Stacking (sometimes called stacked generalization) involves training a model to combine the predictions of several other learning algorithms. First, all of the other algorithms are trained using the available data, then a combiner algorithm (final estimator) is trained to make a final prediction using all the predictions of the other algorithms (base estimators) as additional inputs or using cross-validated predictions from the base estimators which can prevent overfitting.[34] If an arbitrary combiner algorithm is used, then stacking can theoretically represent any of the ensemble techniques described in this article, although, in practice, a logistic regression model is often used as the combiner.

Stacking typically yields performance better than any single one of the trained models.[35] It has been successfully used on both supervised learning tasks (regression,[36] classification and distance learning [37]) and unsupervised learning (density estimation).[38] It has also been used to estimate bagging's error rate.[39] It has been reported to out-perform Bayesian model-averaging.[40] The two top-performers in the Netflix competition utilized blending, which may be considered a form of stacking.[41]

Voting

Voting is another form of ensembling. See e.g. Weighted majority algorithm (machine learning).
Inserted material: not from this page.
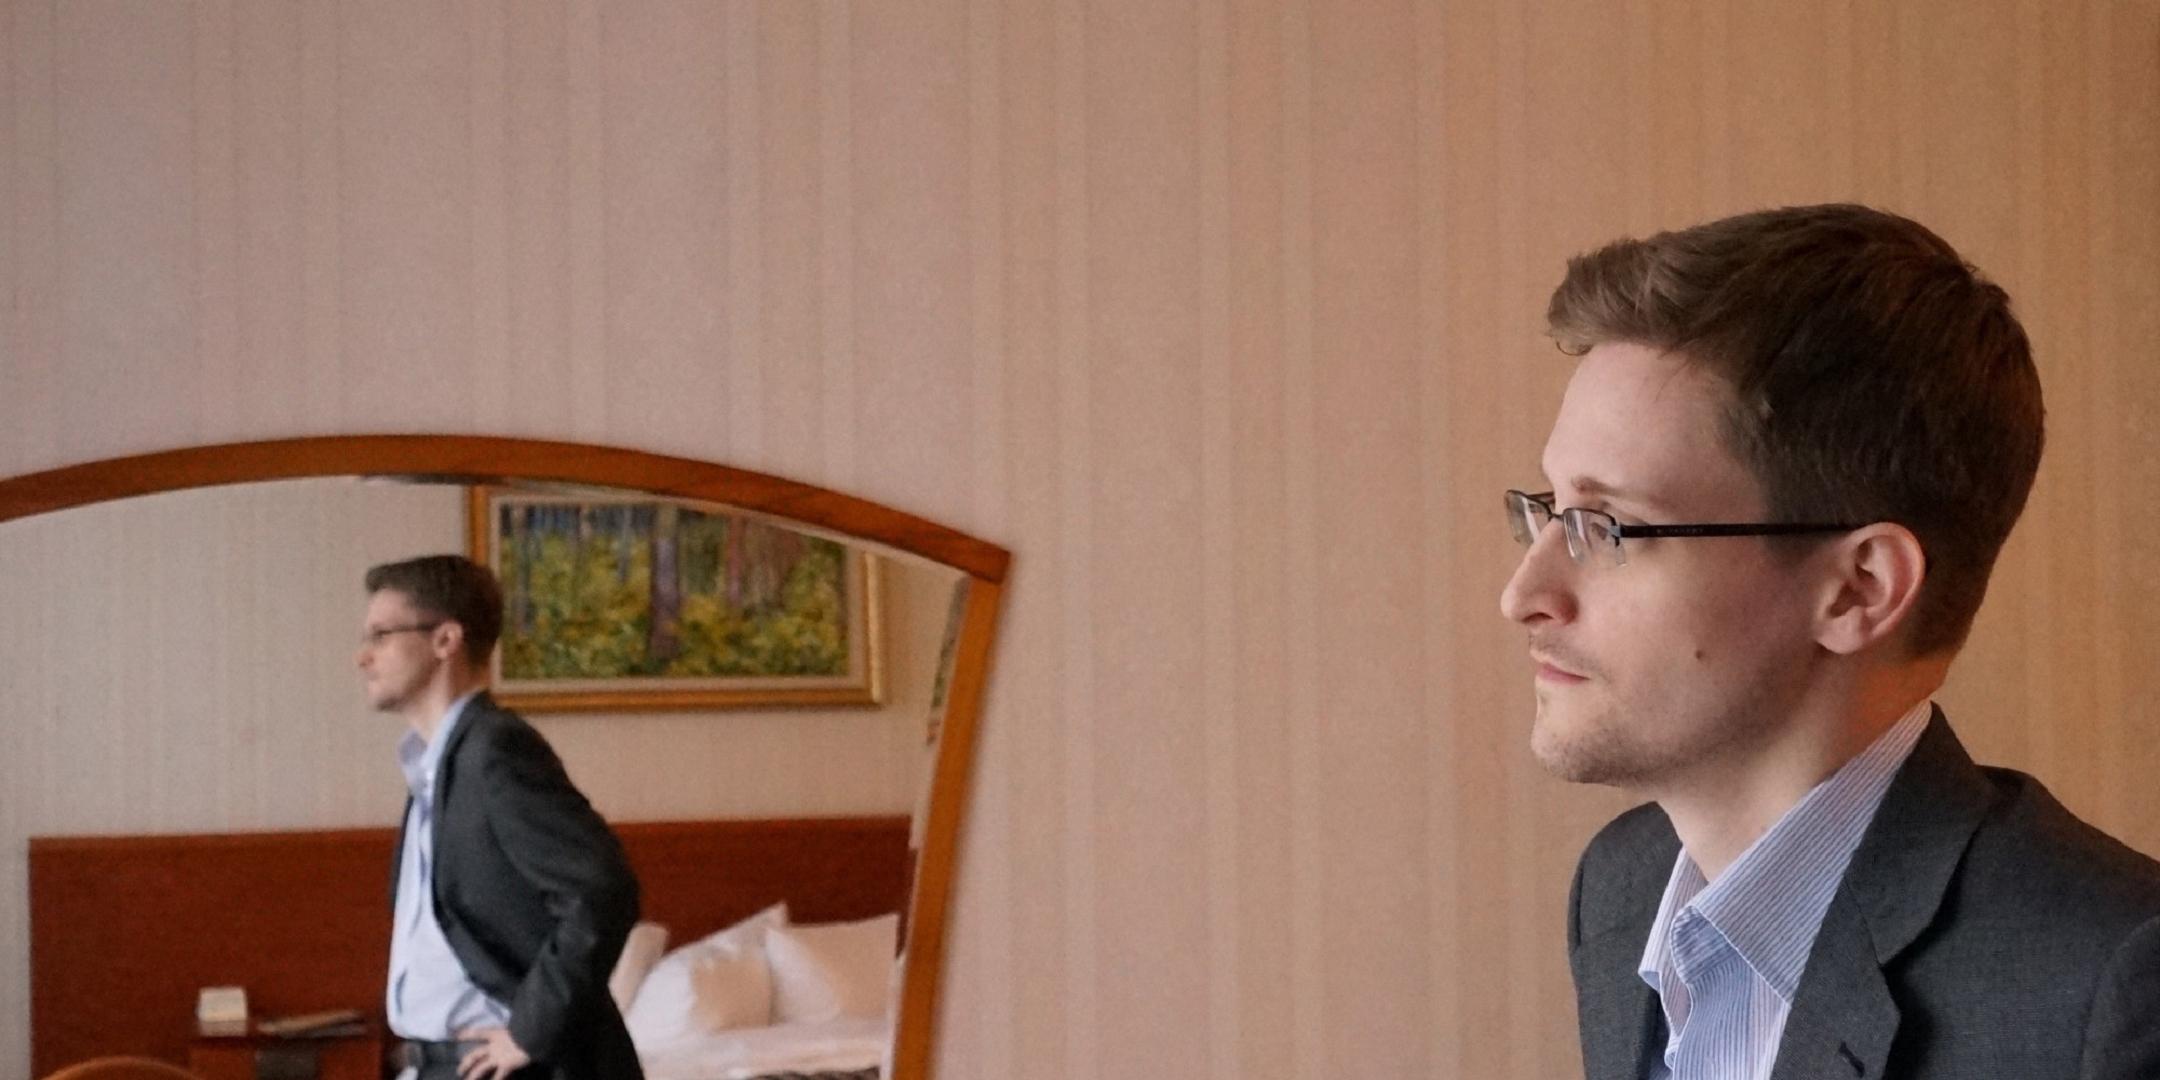 Edward Snowden Hd Background
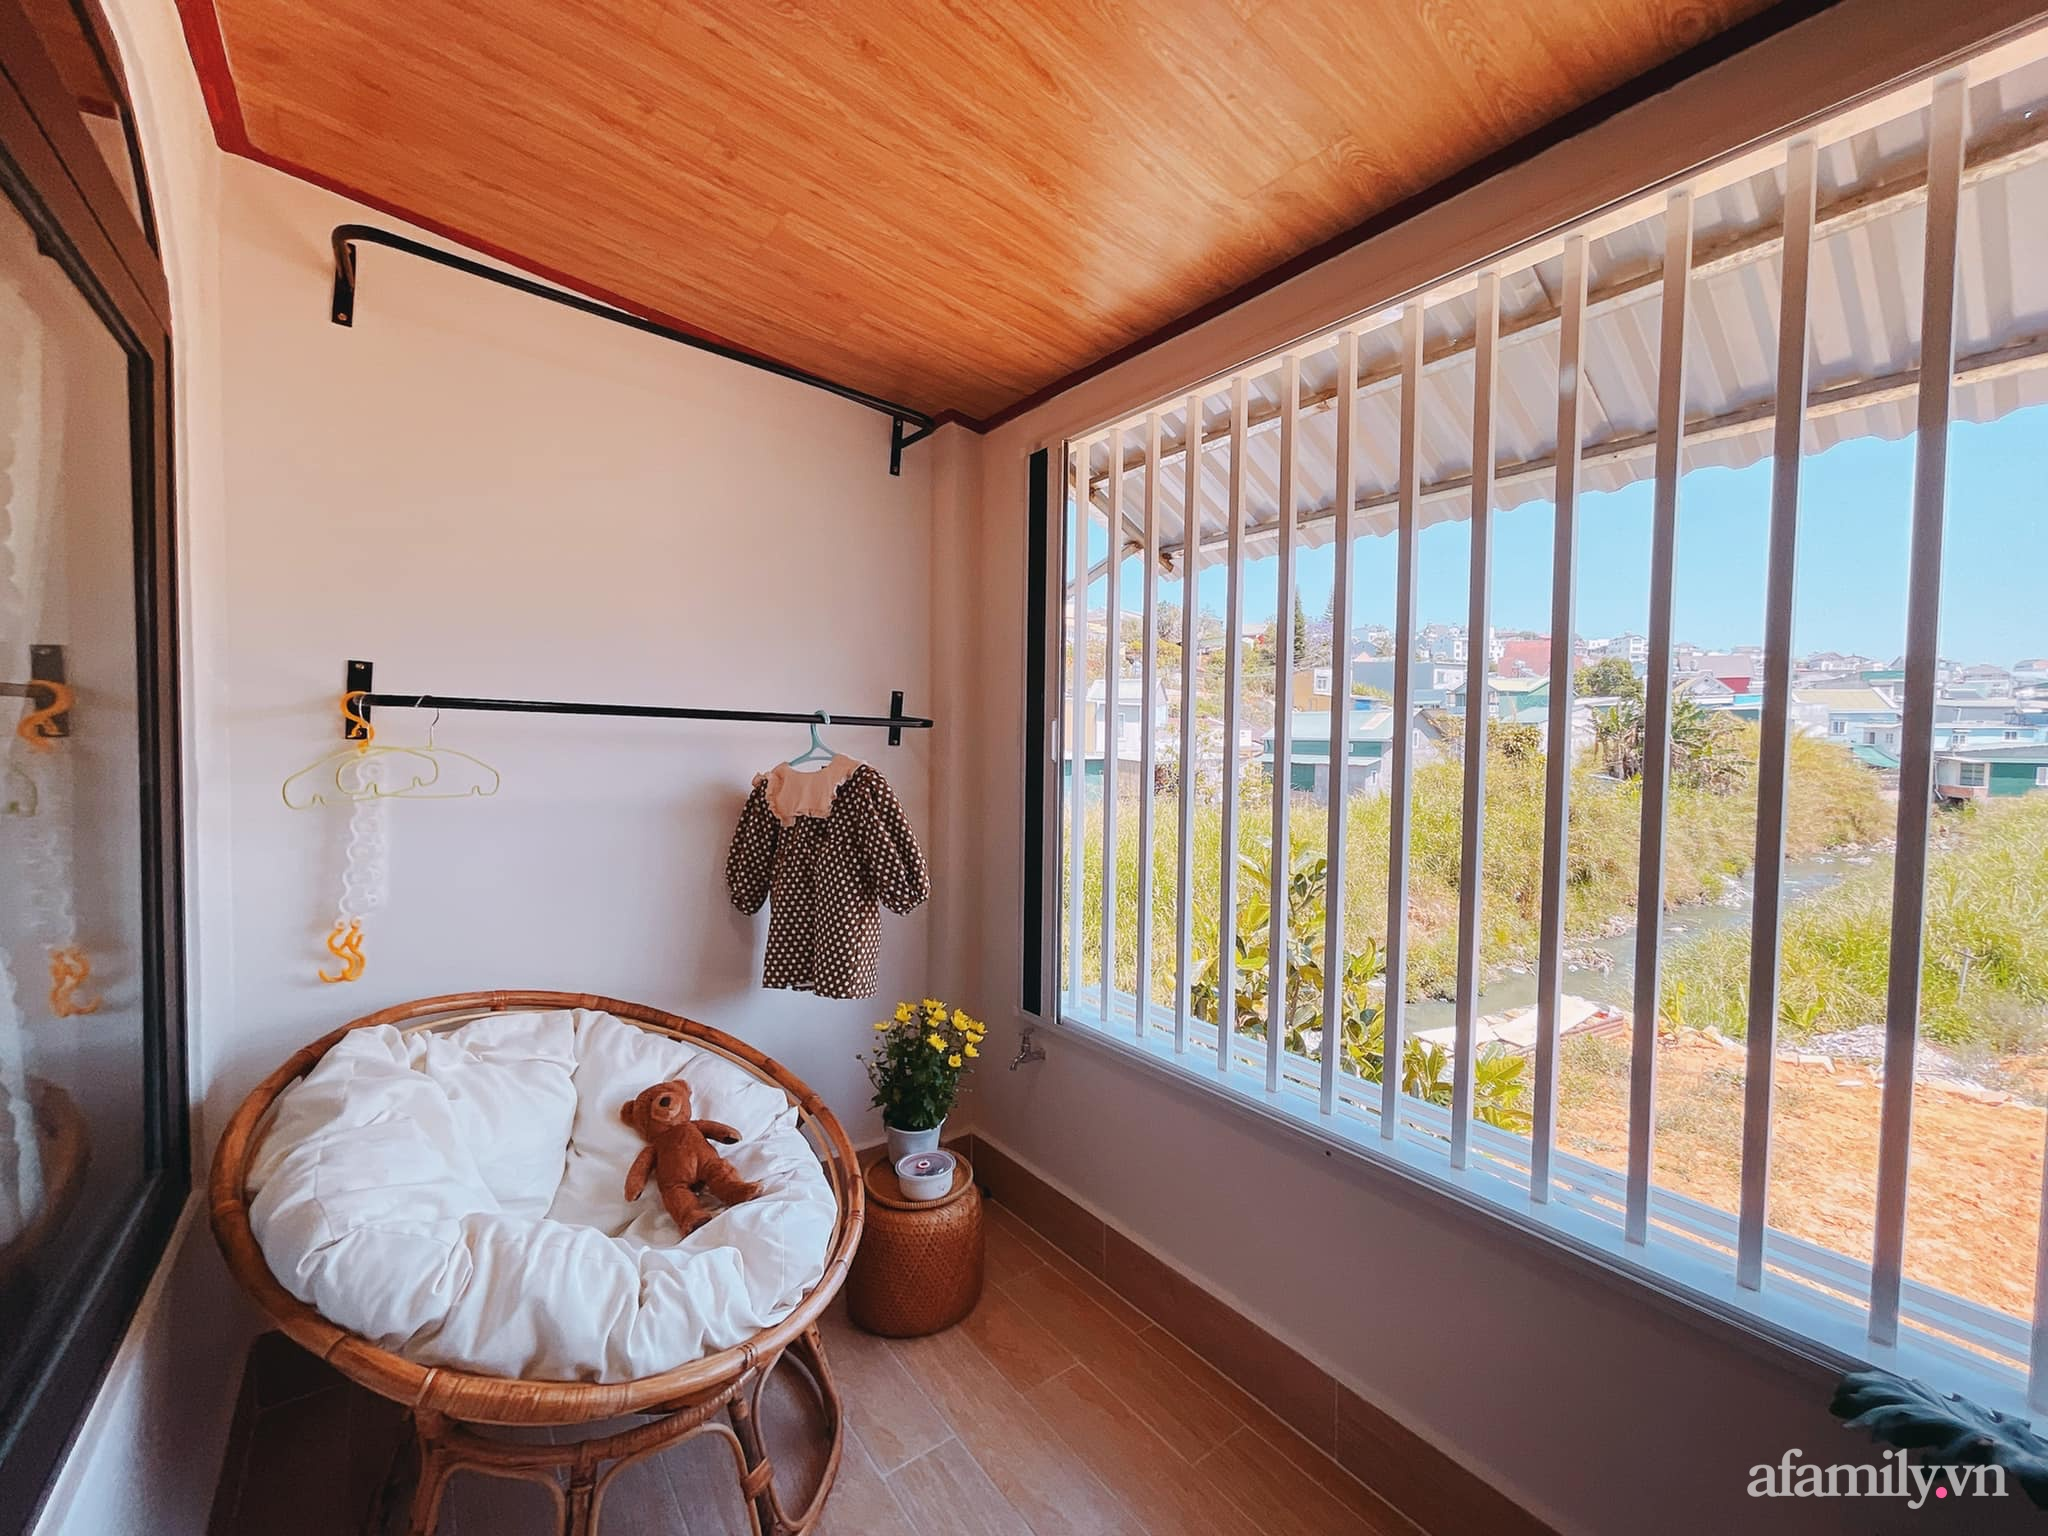 Mua lại căn nhà 63m², cặp vợ chồng trẻ cải tạo thành không gian sống ấm cúng, tiện nghi đủ đường ở Đà Lạt - Ảnh 22.

Implementations in statistics packages

Ensemble learning applications

In recent years, due to growing computational power, which allows for training in large ensemble learning in a reasonable time frame, the number of ensemble learning applications has grown increasingly.[47] Some of the applications of ensemble classifiers include:

Remote sensing

See main article: Remote sensing.

Land cover mapping

Land cover mapping is one of the major applications of Earth observation satellite sensors, using remote sensing and geospatial data, to identify the materials and objects which are located on the surface of target areas. Generally, the classes of target materials include roads, buildings, rivers, lakes, and vegetation.[48] Some different ensemble learning approaches based on artificial neural networks,[49] kernel principal component analysis (KPCA),[50] decision trees with boosting,[51] random forest[52] and automatic design of multiple classifier systems,[53] are proposed to efficiently identify land cover objects.

Change detection

Change detection is an image analysis problem, consisting of the identification of places where the land cover has changed over time. Change detection is widely used in fields such as urban growth, forest and vegetation dynamics, land use and disaster monitoring.[54] The earliest applications of ensemble classifiers in change detection are designed with the majority voting,[55] Bayesian model averaging,[56] and the maximum posterior probability.[57] Given the growth of satellite data over time, the past decade sees more use of time series methods for continuous change detection from image stacks.[58] One example is a Bayesian ensemble changepoint detection method called BEAST, with the software available as a package Rbeast in R, Python, and Matlab.[59]

Computer security

Distributed denial of service

Distributed denial of service is one of the most threatening cyber-attacks that may happen to an internet service provider. By combining the output of single classifiers, ensemble classifiers reduce the total error of detecting and discriminating such attacks from legitimate flash crowds.[60]

Malware Detection

Classification of malware codes such as computer viruses, computer worms, trojans, ransomware and spywares with the usage of machine learning techniques, is inspired by the document categorization problem.[61] Ensemble learning systems have shown a proper efficacy in this area.[62] [63]

Intrusion detection

An intrusion detection system monitors computer network or computer systems to identify intruder codes like an anomaly detection process. Ensemble learning successfully aids such monitoring systems to reduce their total error.[64] [65]

Face recognition

Face recognition, which recently has become one of the most popular research areas of pattern recognition, copes with identification or verification of a person by their digital images.[66]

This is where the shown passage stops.